Puerto Rico 2016-2018: La Isla Abandonada
This project is about the island of Puerto Rico, before and after Hurricanes Irma and Maria. I have previously photographed Puerto Rico in 2016. For my project I am exploring my heritage as well as the people with whom I identify culturally with. I have revisited the island post disasters and have visually analyzed how the island once was, as well as the aftermath of the island after Hurricane Irma and Maria. Through my previous photographs I capture the individuals as well as the place and environment around them, to see where culture falls parallel to their individuality. I documented some places on the island that have been abandoned and homes that people have walked away from because of Puerto Rico’s economic state. I also captured daily life around the island, cities and smaller towns as well as the people who make up the beautiful island.
Throughout this project I have continued to capture the people of Puerto Rico as well as the places in which they define their community. Along with the previous images of the island, I have revisited parts that may appear different now compared to the photos from before the disasters or have not changed at all.
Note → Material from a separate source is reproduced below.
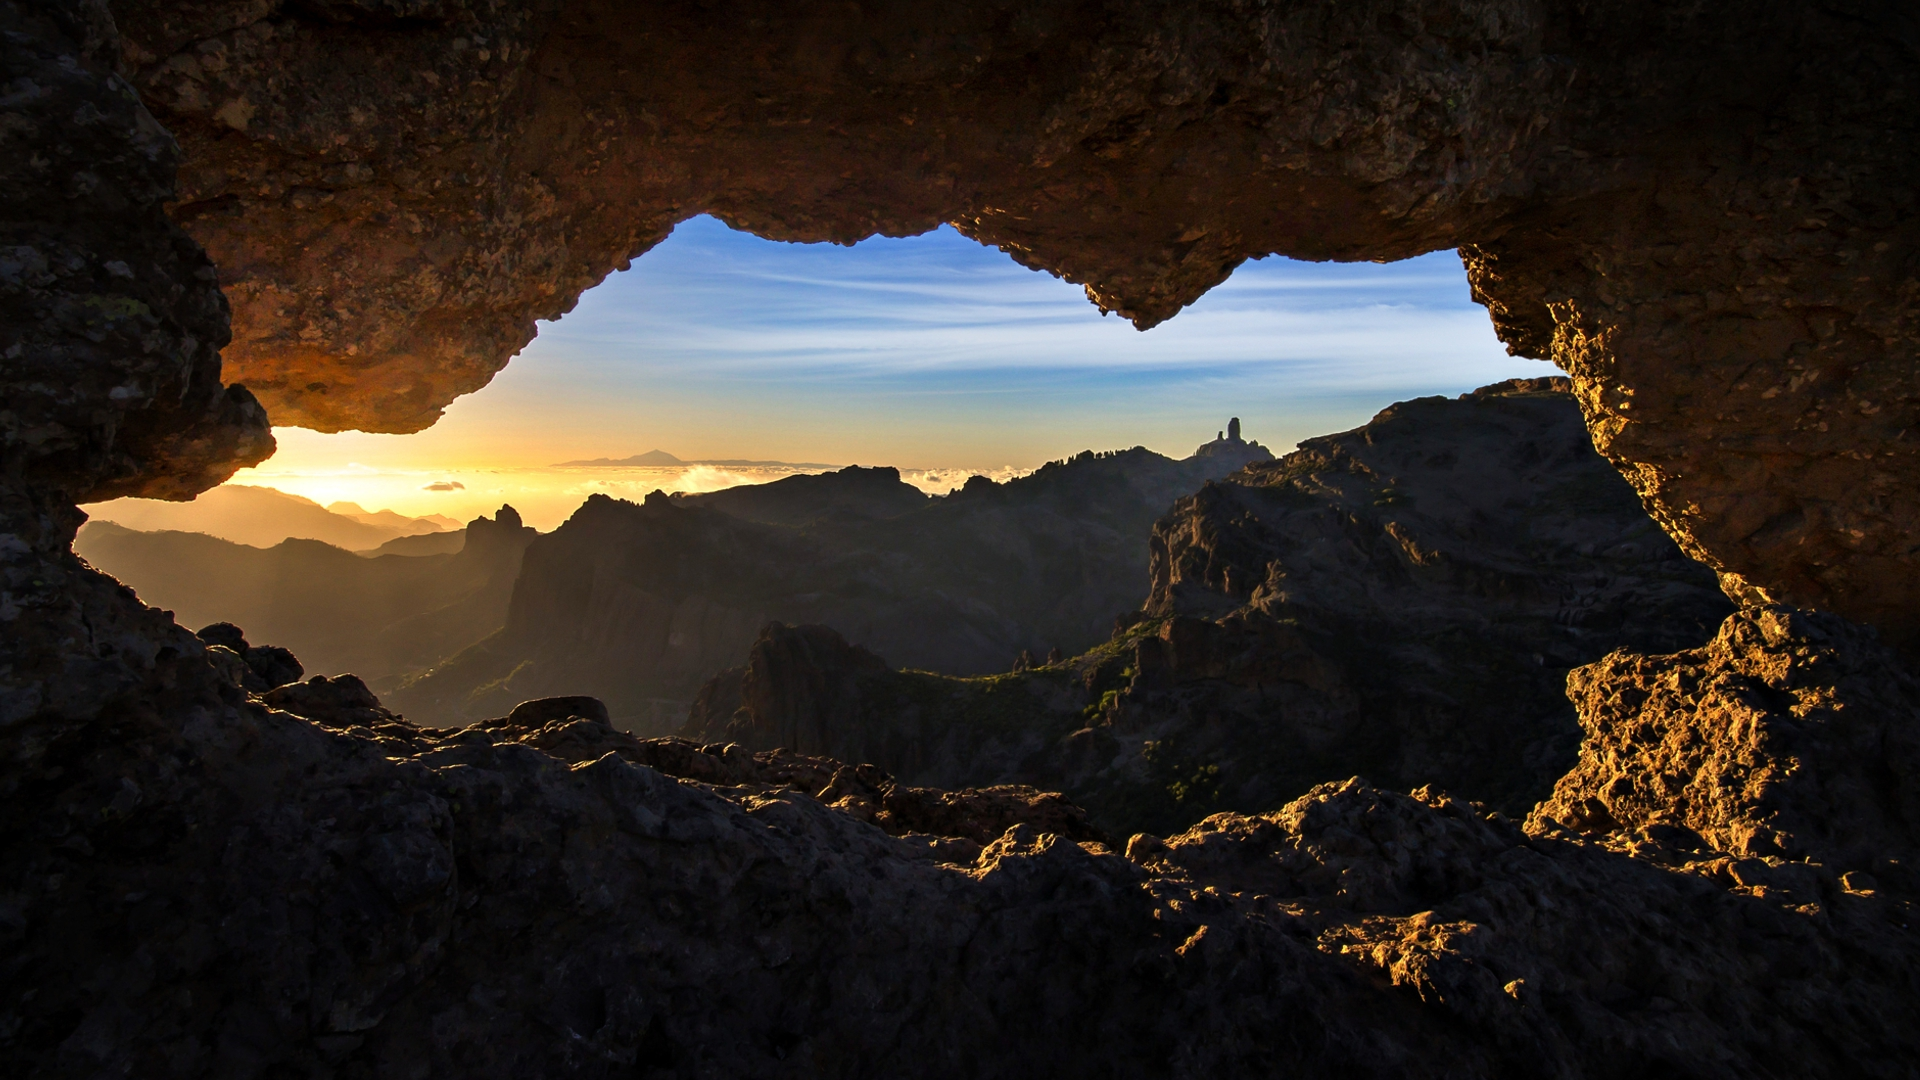 Una Ventana Al Mundo Imagen & Foto
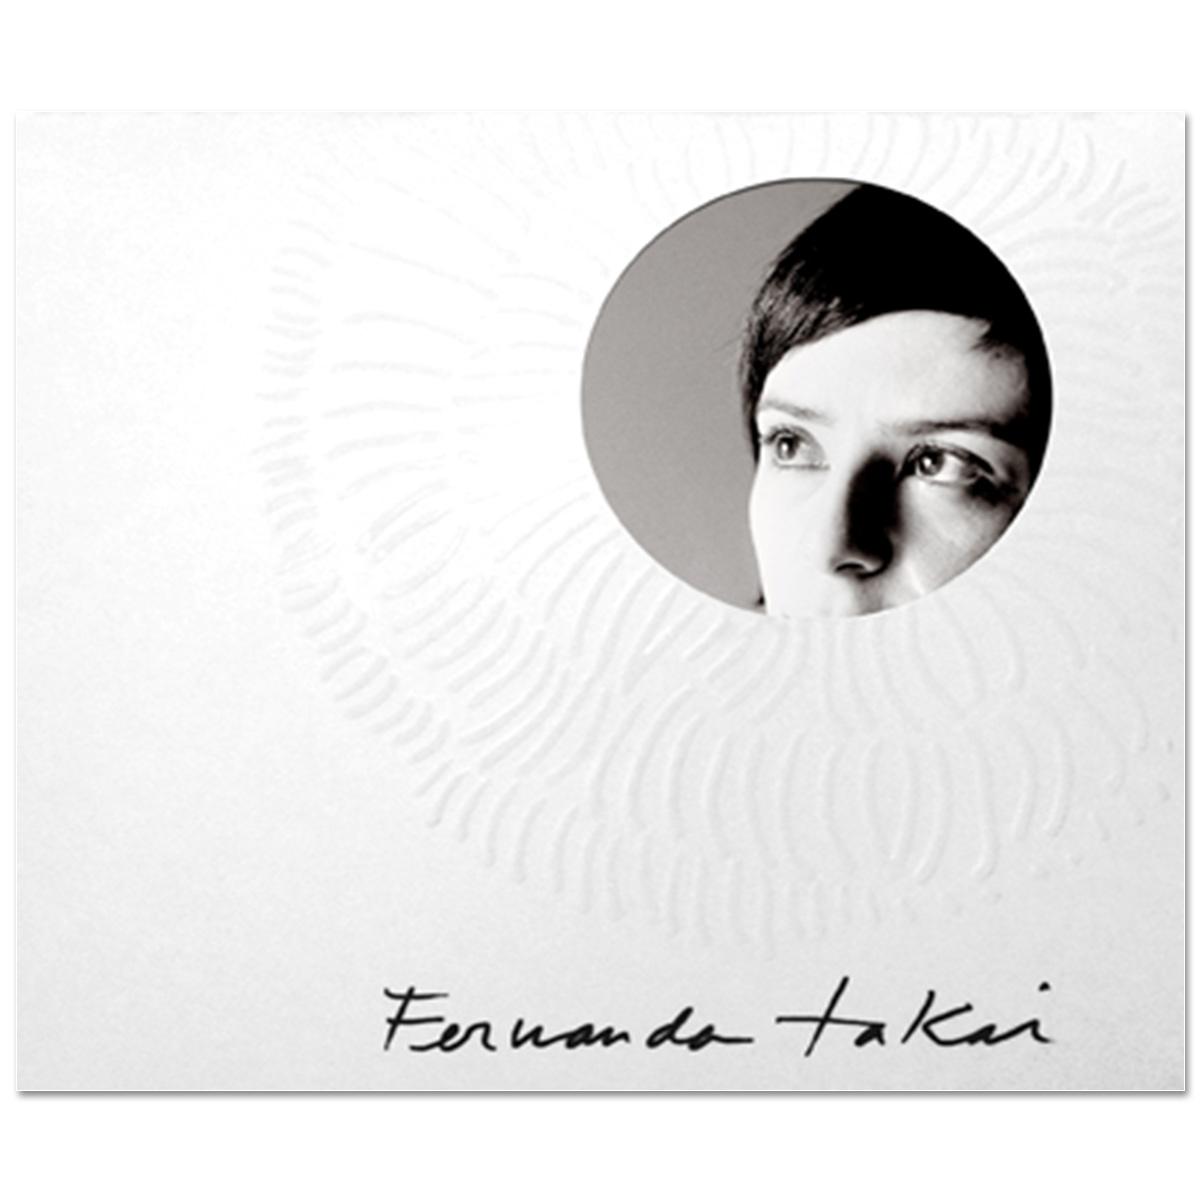 Fernanda Takai - LP Onde Brilhem Os Olhos Seus

In my observations I hope to bring to light the effects of hurricanes Irma and Maria as well as the state of the island despite the natural disasters. I’ve visually analyzed the island being pushed into further abandonment due to lack of resources and economical help from the U.S. government. As someone who is Puerto Rican and has family that resides there, I have both an outsider and insider's point of view to the current state of the island. Through these visual observations I invite the viewers to engage with a part of America that is often forgotten.
This series of photographs is to bring light to the state of the island and the people while taking into consideration that Puerto Rico is a U.S. territory. So many people have lost their homes, have no clean running water, have no supplies that are needed, medical help is dire and so much more. Is Puerto Rico being helped? How are the people who call this place their home surviving? Will Puerto Rico ever be the same? These are just some things I question visually. I shoot from a domestic point of view capturing family as well as people I met along the way and the architecture around the island, what remains and what is no longer there anymore through visual documentation. Along with the photographs I transformed the space in which the photos reside, in a DIY installation. Here the viewer is met with the environment in which I have created by referencing the photos of the island and what I experienced visually on my trips there. This goes hand in hand with bringing the place into a space like a gallery where it is not usually seen or experienced, allowing the audience to be immersed into my visual representation of Puerto Rico.
Crystal Frias
Lost in time
With the use of narrative self portraiture I question time as well as place specifically a home where mental illness dwells. Through long exposures I capture these seconds in time where I exist and where I don't, where I have existed and where my mind may cease to exist in places where we all call our safe place, home; as well as a place of solitude. the figure in the images in a sense is the mind and how quickly time passes and effects us mentally. I try and grip to reality as it slips away through these time and space based images
God for Sale, 2016
Ever since I can remember I had some fixation on a higher power, something more and while others may feel the same way, some feel like I may be ignorant and naïve because I choose to place my belief in a higher power, something I can’t see. I attended a Christian youth service every Friday for 3 years at my own will. Although my belief in god grew stronger, my belief in organized religion deteriorated. I began to see the hypocrisy that came with the people that claimed to be the most “holy”. Everyone I knew there hid behind some sort of mask in order to look good in front of others but you can’t fool god. I decided to leave the church but continue to be a believer. This series is my exploration on the sacred and profane and where they both collide in our world today. Matthew 6:19 says “Do not lay up for yourselves treasures on earth, where moth and rust destroy and where thieves break in and steal”. Material things are seen as fleeting according to the bible and reality, I chose to focus on religious novelties because they both meet at the cross section of the sacred and profane. Belief and God are cheapened in society because of constant use and production of small statues, candles, jewelry, murals of angels, saints, Jesus, or any religious or spiritual entities that are made for consumers to purchase and place their belief on. Religion and spirituality have been diluted and have become something you can purchase right next to porcelain doll or scented candle at your local discount store. Something sacred becomes just something decorative, placing the materialistic at the level of divinity in exchange for money, which is similar to when the catholic church absolved sins for a fee, thus placing monetary value above a higher power. Contradictory to the fact of idolization people tend to fixate their belief on these objects which in this case the objects are the profane because they are usually purchased along with an everyday ordinary object yet are sacred because of what the religious object depicts and what significance people tend to place on these objects. Each photograph goes hand in hand with the next, placing God at a low level, cheapened by discount store shelves, where mythical Santa statues occupy top shelves while statues of baby Jesus and a crucifix are shelves below, just one of the many things I come across and depict in this series.